En effet, une des manifestations les plus insidieuses de la domestication de corps gais, lesbiens et queers par certains États-nations occidentaux est leur instrumentalisation comme munitions pour renforcer et légitimer des projets nationalistes d’impérialisme culturel et géopolitique tels que l’intervention militaire au Moyen-Orient (et en tout lieu où se logent prétendument les terroristes) pour sauver les femmes, les gais et les lesbiennes, essentialisées comme des victimes de leur culture patriarcale fondamentalement (voire naturellement) sexiste et homophobe (Puar, 2005, 2006; Haritaworn, 2008). Cette réelle entreprise impérialiste islamophobe, source de multiples nuisances, est mieux connue sous l’appellation de « guerre contre le terrorisme », héritée des attentats du 11 septembre 2001 à New York, mais aussi de ceux de Londres, de Madrid, d’Istanbul, etc.
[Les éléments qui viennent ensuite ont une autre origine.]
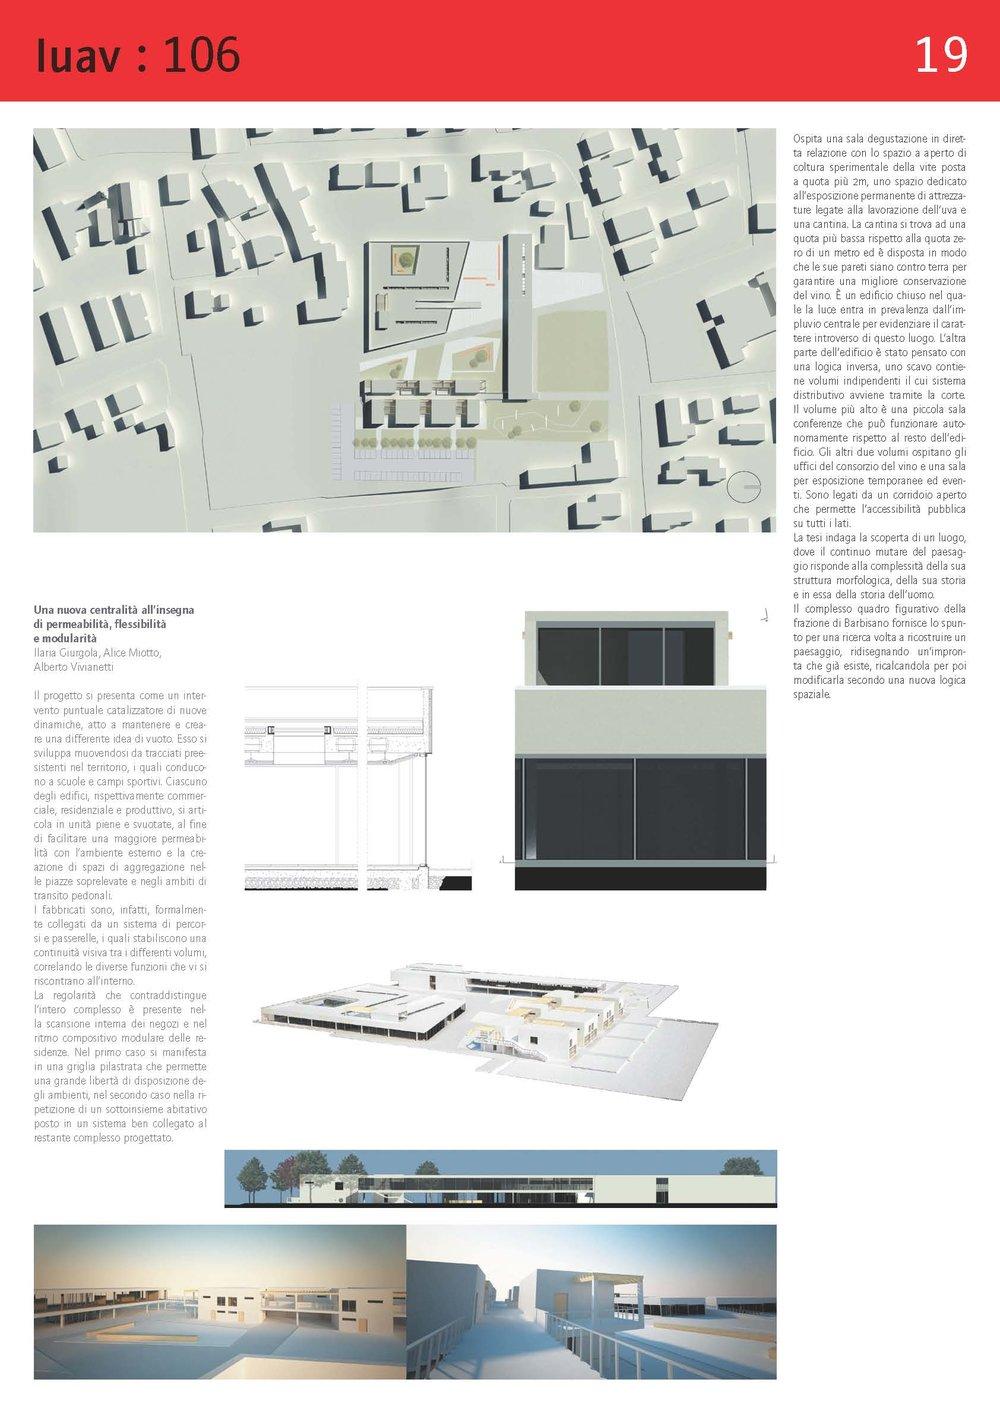 Copertine_Pagina_20.jpg
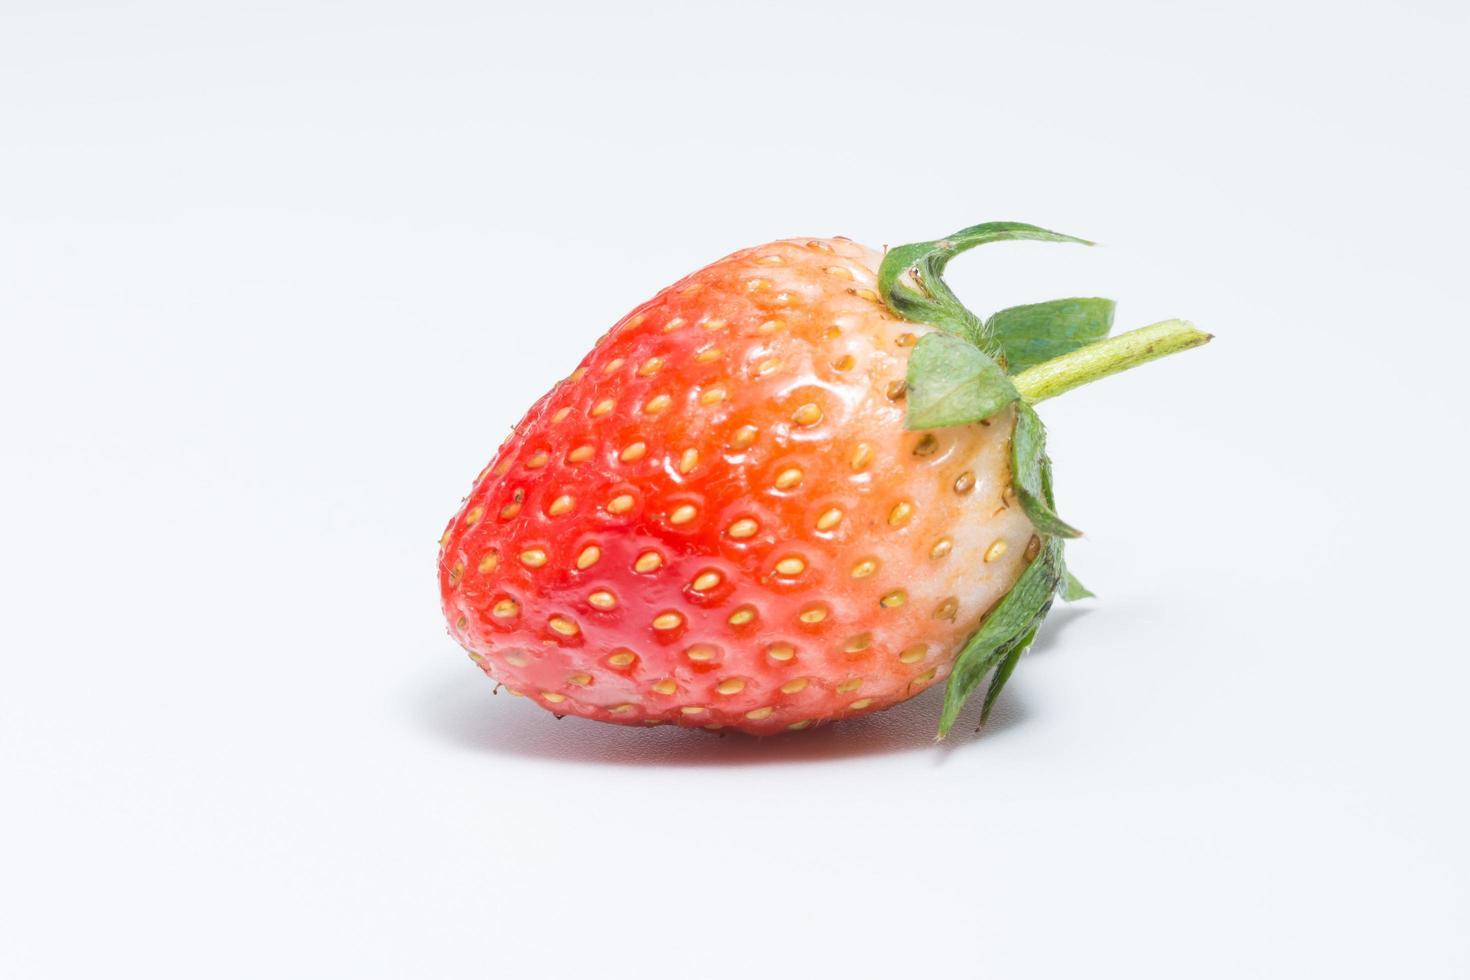 fresa sobre fondo blanco foto

Par le biais de l’ « impérialisme gai » (Haritaworn et al., 2008), les sujets nationaux gais, lesbiennes et queers, d’un côté généralement discriminés du point de vue microsocial et macrosocial en raison de leur transgression de l’hétéronormativité, détiennent d’un autre côté un rôle discursif ou militaire central dans l’entreprise néocoloniale que Winant (2005) appelle la mission tutélaire de l’Ouest:

“[…] the tutelary mission of the West is proclaimed- in the values of “freedom”, “democracy”, “pluralism”, “secularism”, and so on - while underneath the surface the old agendas advance : most notably political-military power and the capture of natural resources” (Winant, 2005, p.127).

Bien que plus perceptible en contexte euroaméricain, la tendance homonationaliste actuelle est officiellement rejointe par certains pays non occidentaux alors que la sexualité, et plus spécifiquement la tolérance et l’acceptation des réalités sexuelles non normatives, devient une arène présumée importante pour la production de la modernité (Altman, 2001). Comme mentionné antérieurement, l’Afrique du Sud, l’Argentine et l’Uruguay, par exemple, reconnaissent respectivement le droit au mariage entre conjoints de même sexe depuis 2006, 2010 et 2013 (André, 2010; R., 2013).

En conclusion, la présente revue de littérature éclaire le positionnement complexe qu’occupent les lesbiennes/queers de couleur, à la fois représentées et ignorées à l’intérieur des discours transnationaux de la mondialisation queer et des discours nationaux hétéronormatifs et homonormatifs, et souligne la pertinence et l’intérêt de la problématique articulée en introduction.